INFORMATION GIVEN:
*-*-*

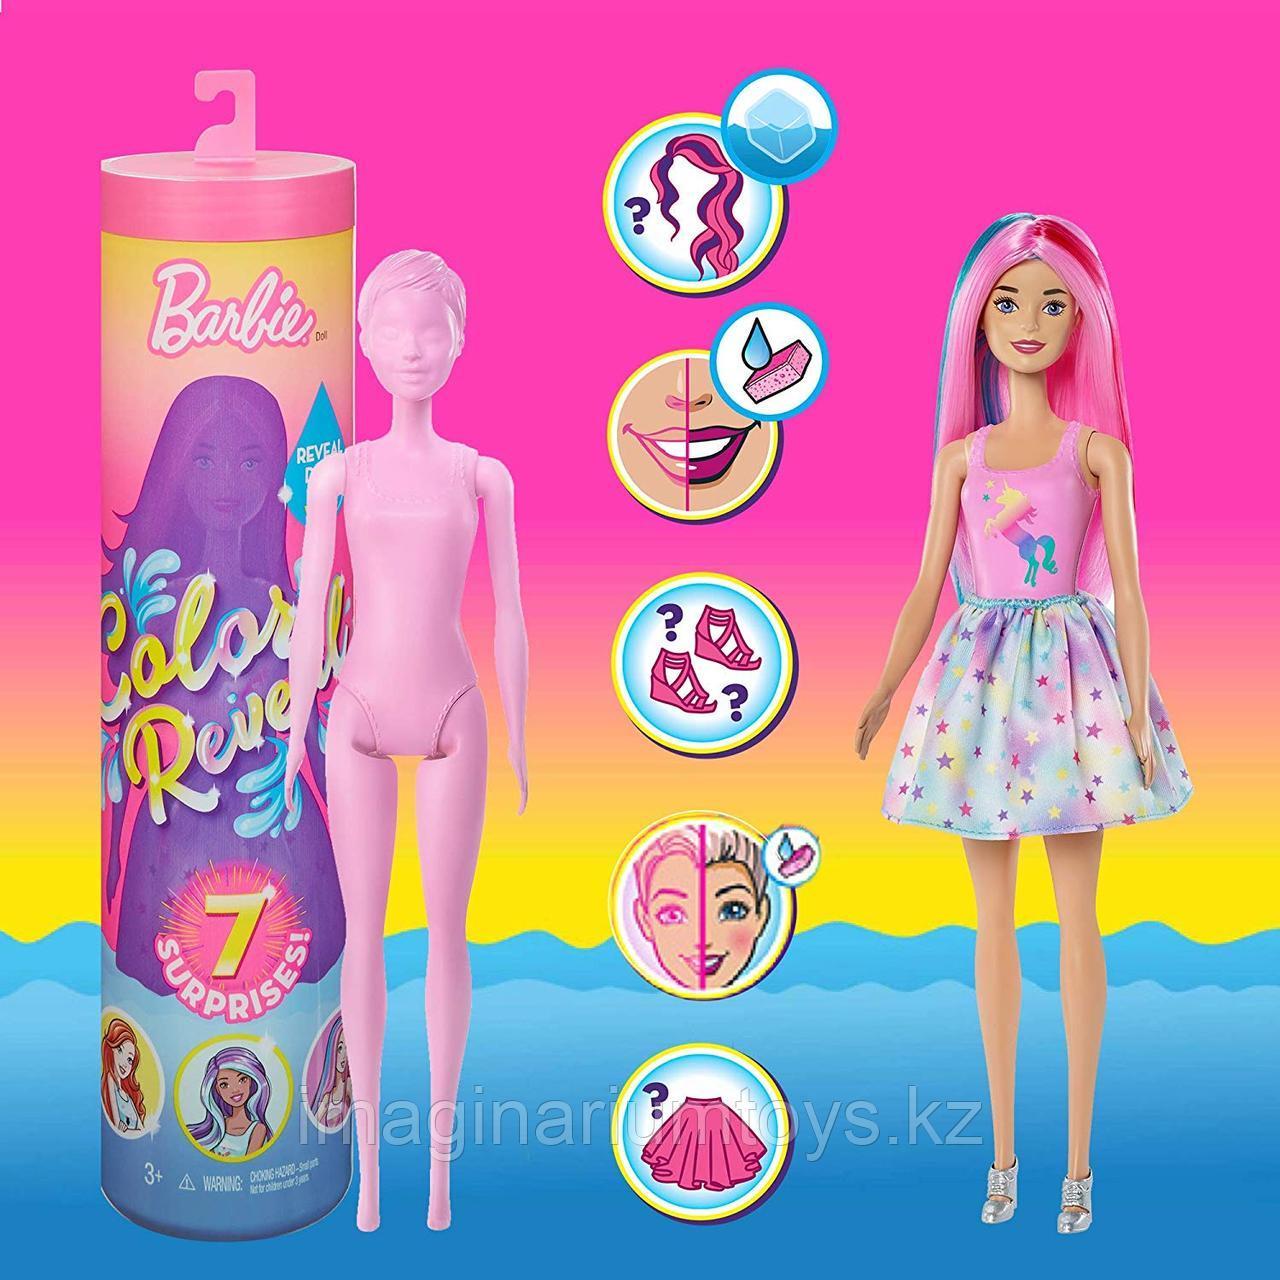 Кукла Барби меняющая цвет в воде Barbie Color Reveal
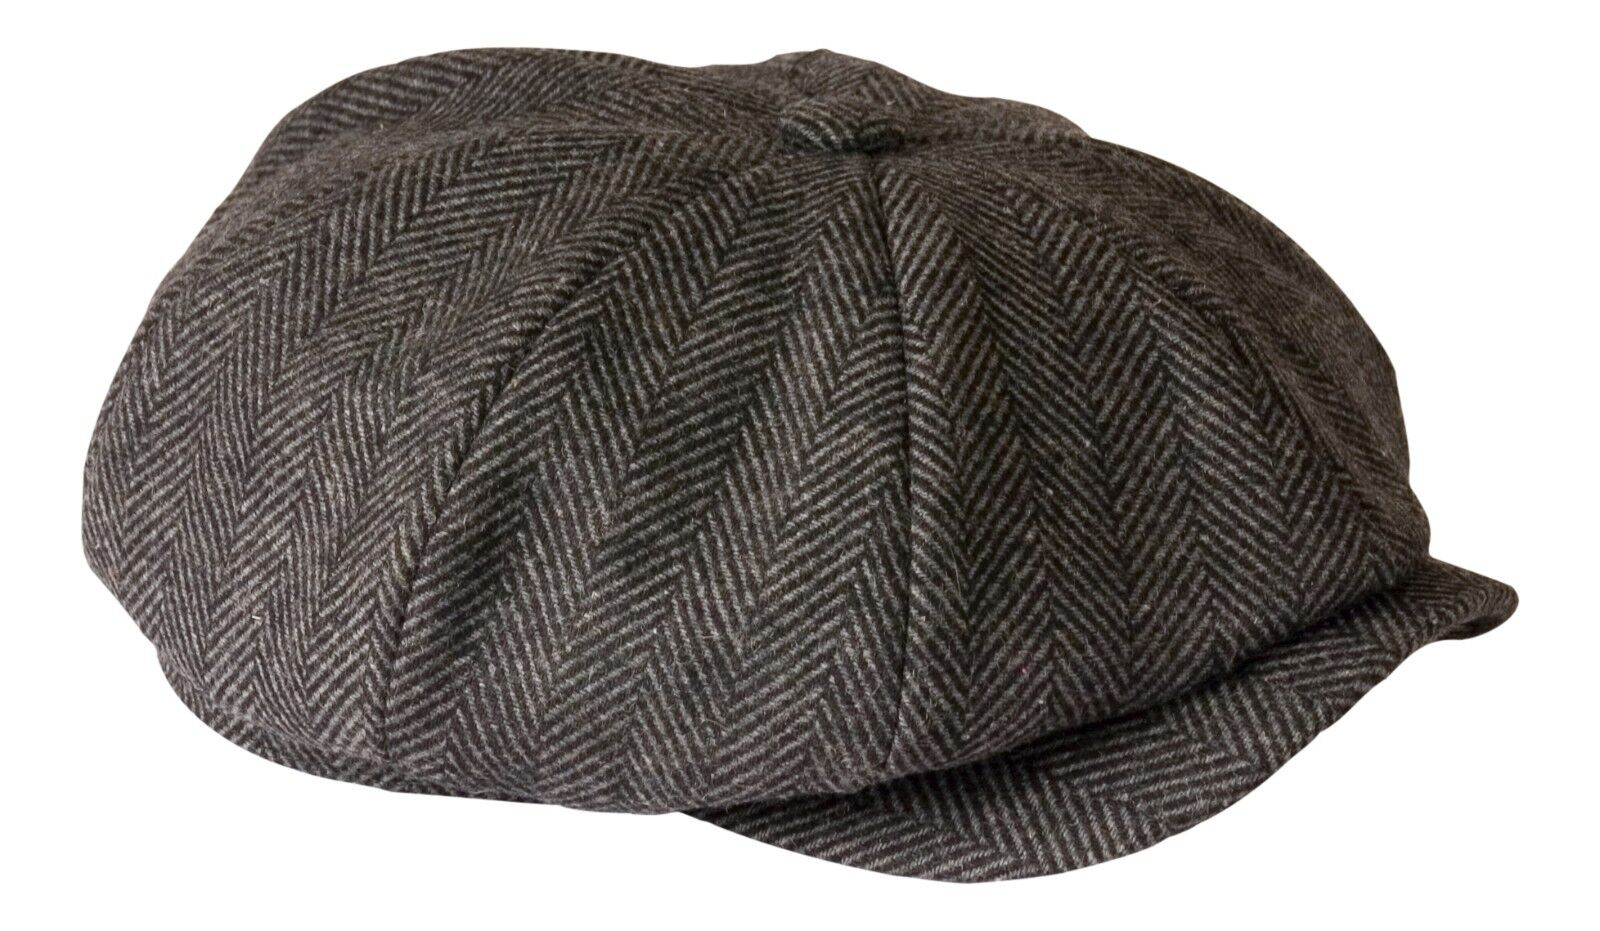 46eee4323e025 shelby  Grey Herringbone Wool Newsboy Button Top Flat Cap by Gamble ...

*-*-*

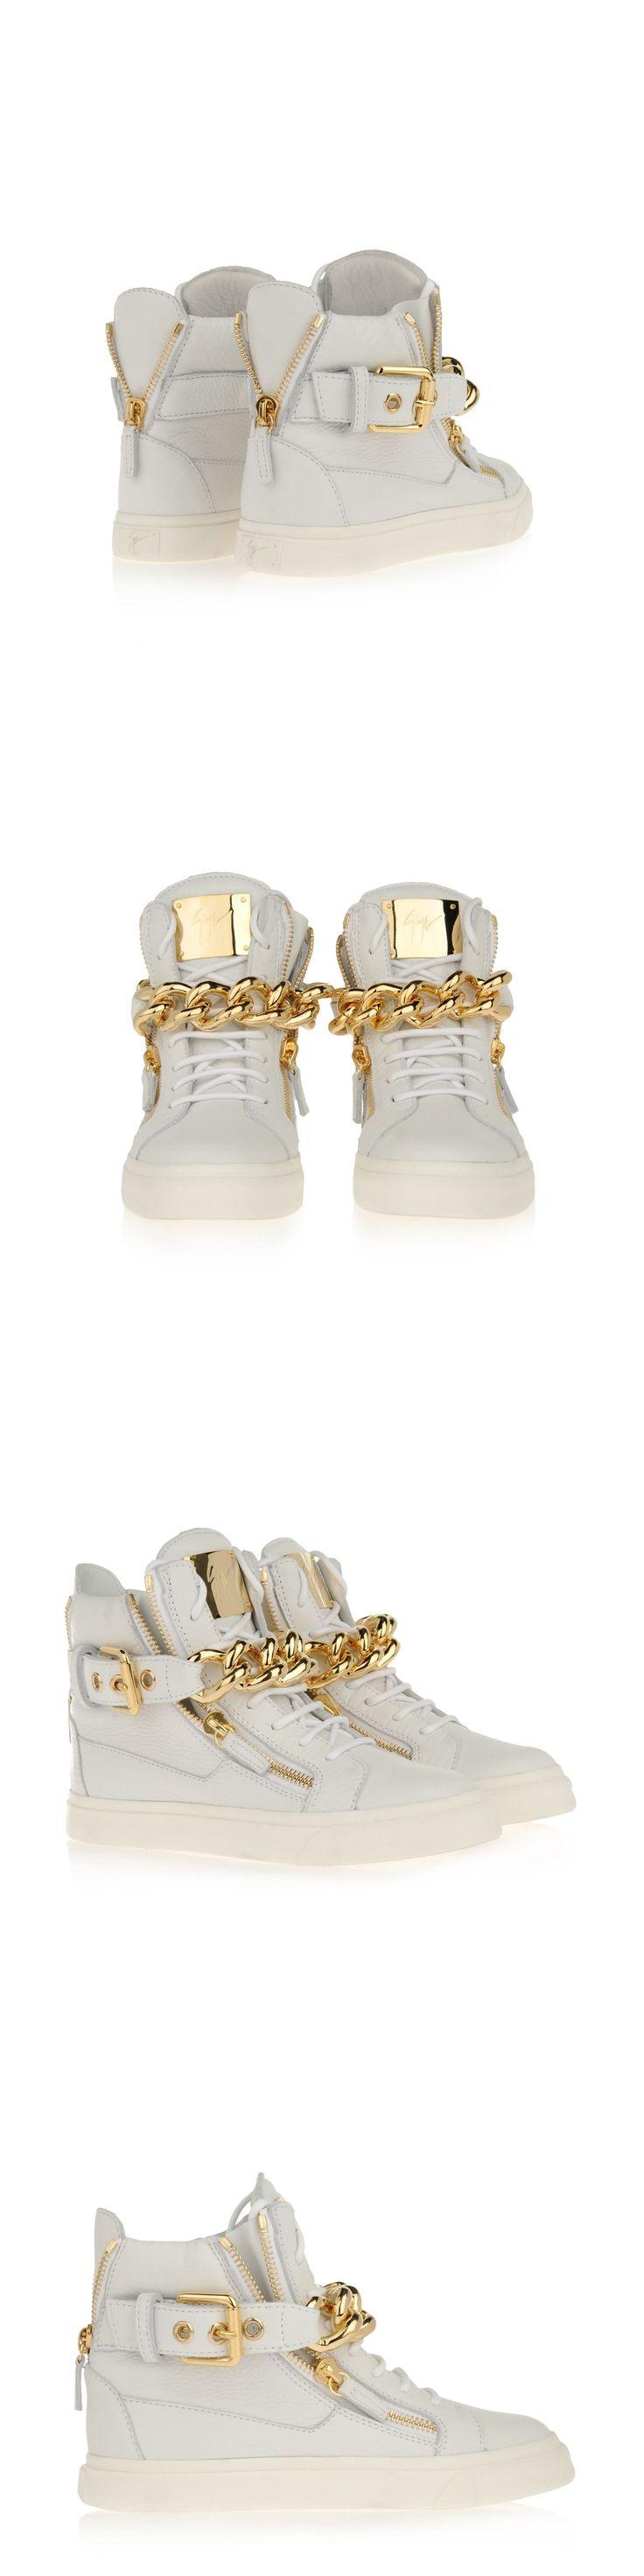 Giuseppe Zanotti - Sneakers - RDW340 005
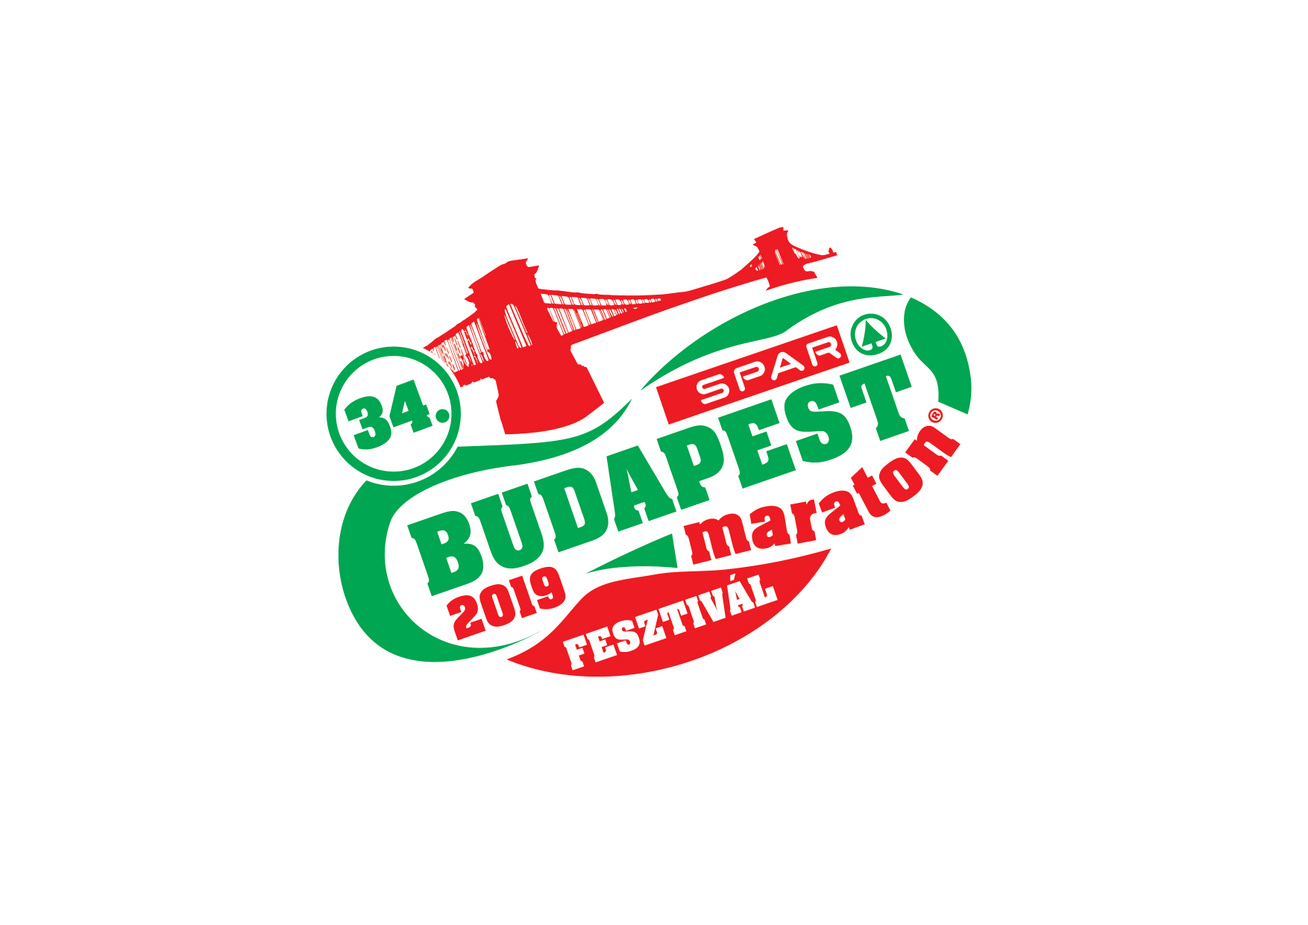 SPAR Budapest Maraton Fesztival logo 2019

*-*-*

In the data above, find the line with "Кукла Барби меняющая" and the line with "by Gamble ...". Please copy exactly those two lines and every line between them, but not the pictures.

 Кукла Барби меняющая цвет в воде Barbie Color Reveal
 46eee4323e025 shelby  Grey Herringbone Wool Newsboy Button Top Flat Cap by Gamble ...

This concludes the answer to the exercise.